This is the mail archive of the
libc-alpha@sources.redhat.com
mailing list for the glibc project.
Re: transliteration and wc*tomb
- To: libc-alpha at sources dot redhat dot com
- Subject: Re: transliteration and wc*tomb
- From: Markus Kuhn <Markus dot Kuhn at cl dot cam dot ac dot uk>
- Date: Sun, 01 Oct 2000 14:24:59 +0100
Ulrich Drepper wrote on 2000-09-25 16:41 UTC:
> Markus Kuhn <Markus.Kuhn@cl.cam.ac.uk> writes:
>
> > The standard (§7.20) only says that
> >
> > "MB_CUR_MAX [..]
> > expands to a positive integer expression with type
> > size_t that is the maximum number of bytes in a multibyte
> > character for the extended character set specified by the
> > current locale (category LC_CTYPE), which is never greater
> > than MB_LEN_MAX.
> >
> > If a locale contains a transliteration L"ü" -> "ue", then for this
> > locale the implementation will have to make sure that MB_CUR_MAX >=
> > strlen("ue").
>
> First of all, this is everything but practical. Many programs assume
> MB_CUR_MAX to be an attribute of the charset which is used to trigger
> certain handling. This all would break.

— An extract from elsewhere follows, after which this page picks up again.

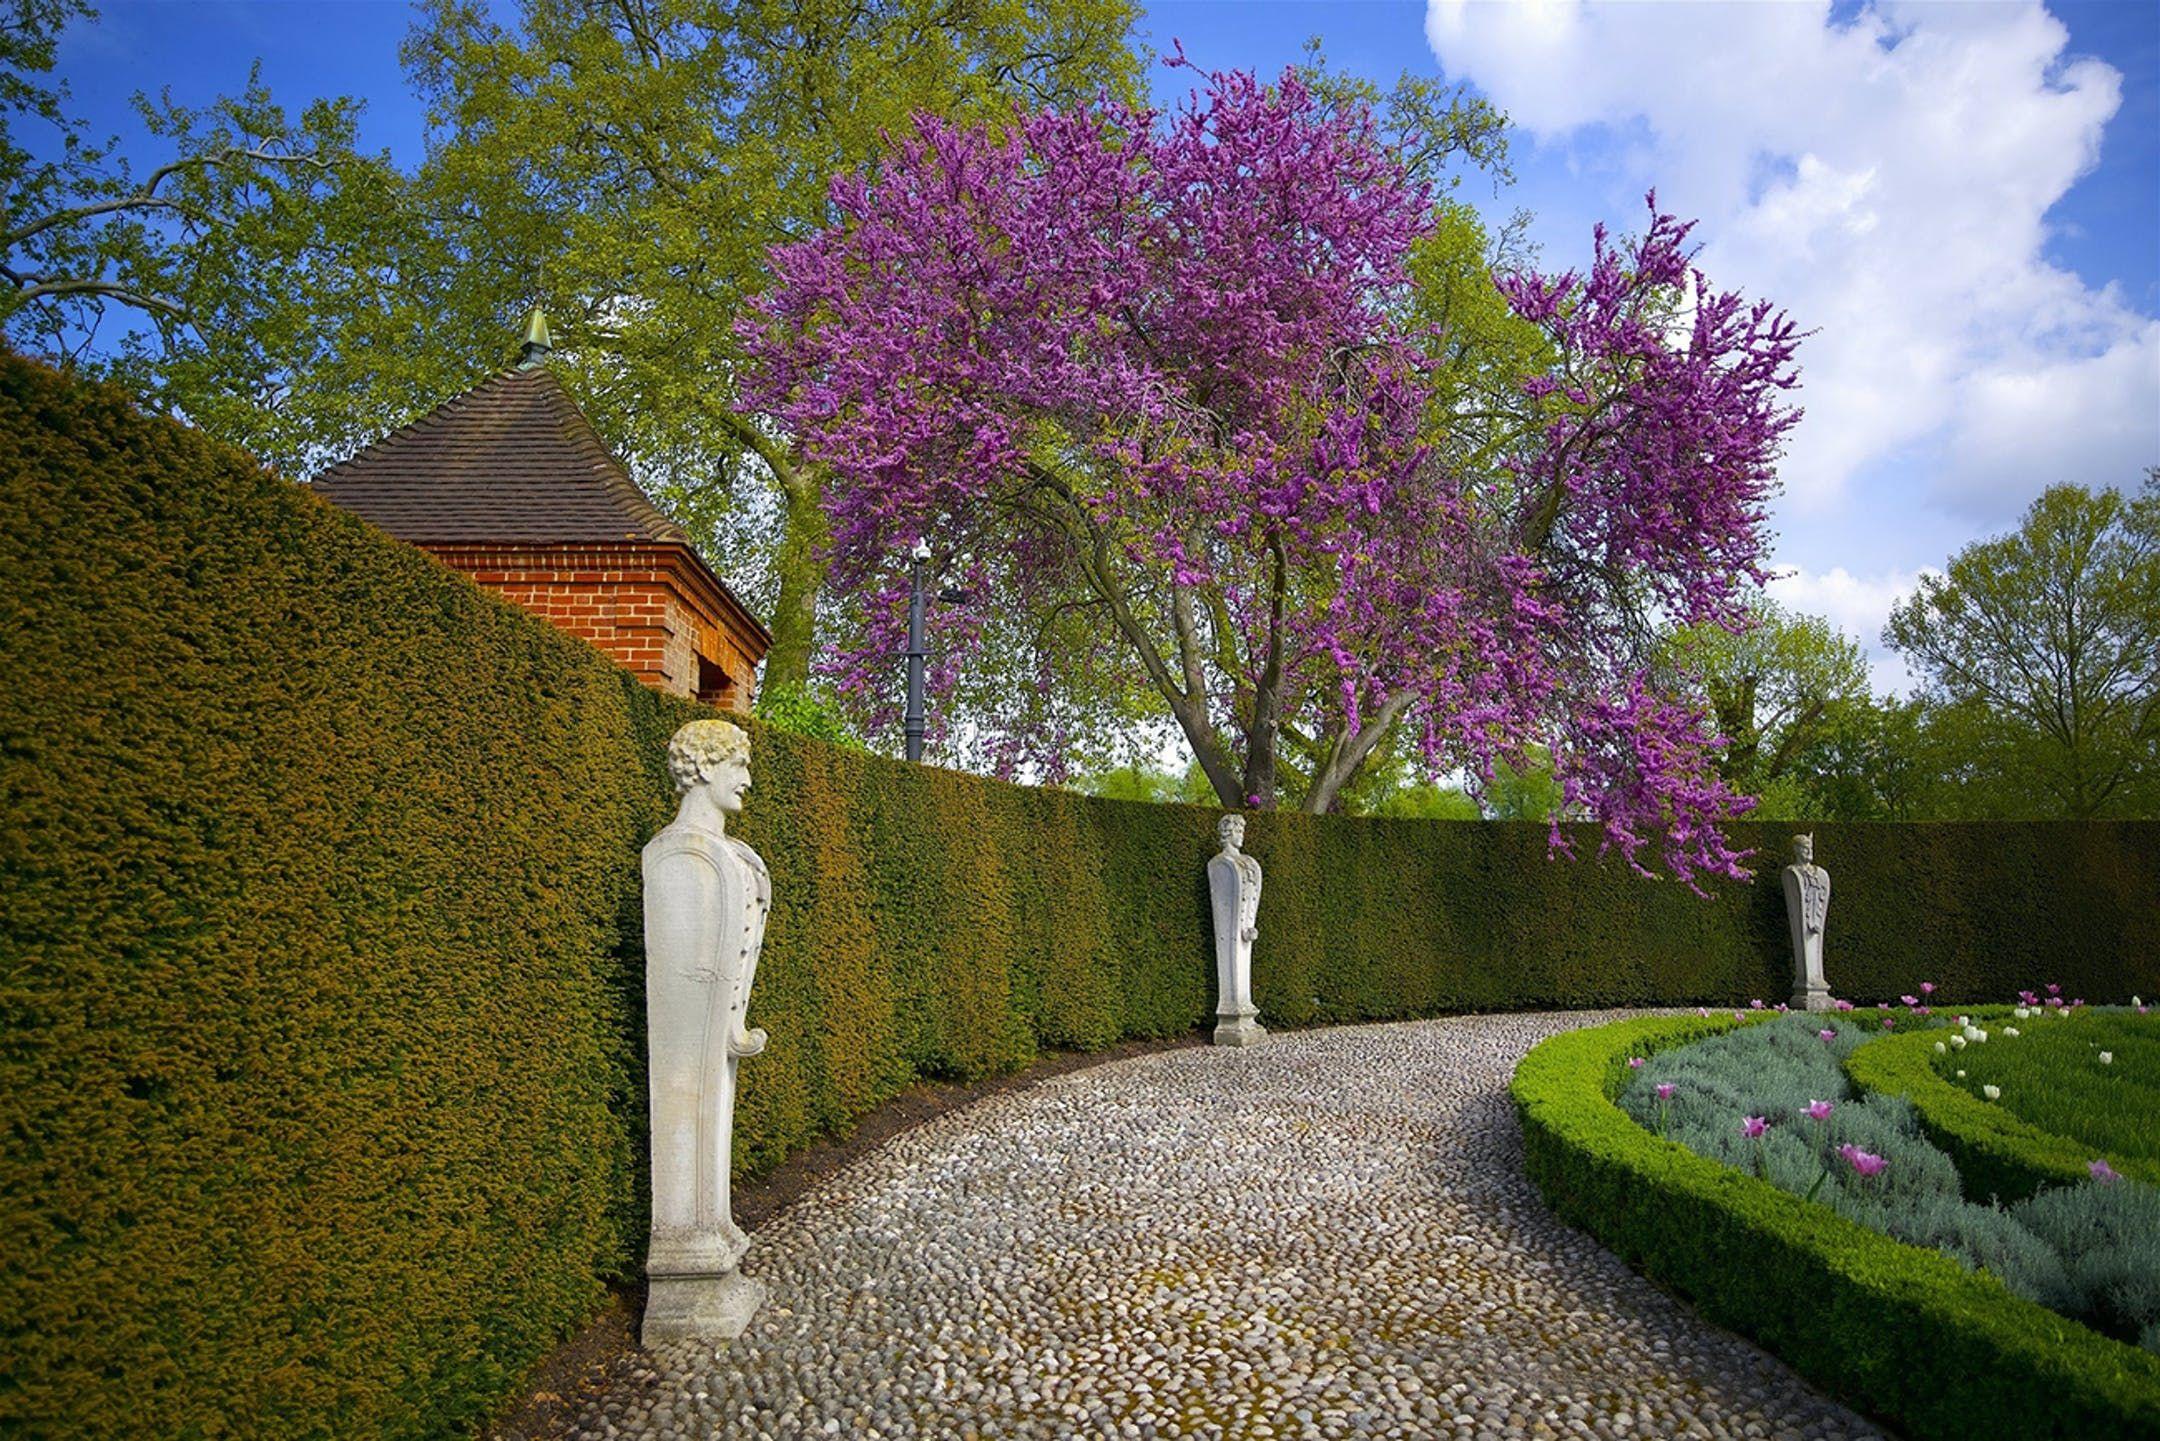 12a7d8f18db9d7fc0a52e91aaa8625ee - Best Places To Stay Near Kew Gardens

Can you give a practical example? I don't understand this point. And why
would this "triggered certain handling" not be appropriate for
transliterated output when it is appropriate for Shift-JIS or UTF-8
output? The handling required for these two is in any respect that I can
think of equivalent. What exactly would break?
Transliteration is just another external multi-byte encoding, nothing
else, except that it is a characteristic of transliteration that it only
affects output, not input. Everything the standards say on multi-byte
encodings also applies to transliteration.
> Second, I deliberately
> didn't enable the transliteration for the wc*tomb* functions since in
> the contexts they are used they have to be exact. THere is even an
> error number defined for the case an invalid character is found. This
> is different from the stream handling where this is keft
> implementation defined.
No!!! What standard are you reading? Mine clearly says in §7.19.3
[#11] The wide character input functions read multibyte
characters from the stream and convert them to wide
characters as if they were read by successive calls to the
fgetwc function. Each conversion occurs as if by a call to
the mbrtowc function, with the conversion state described by
the stream's own mbstate_t object. The byte input functions
read characters from the stream as if by successive calls to
the fgetc function.
[#12] The wide character output functions convert wide
characters to multibyte characters and write them to the
stream as if they were written by successive calls to the
fputwc function. Each conversion occurs as if by a call to
the wcrtomb function, with the conversion state described by
the stream's own mbstate_t object. The byte output
functions write characters to the stream as if by successive
calls to the fputc function.
[#13] In some cases, some of the byte input/output functions
also perform conversions between multibyte characters and
wide characters. These conversions also occur as if by
calls to the mbrtowc and wcrtomb functions.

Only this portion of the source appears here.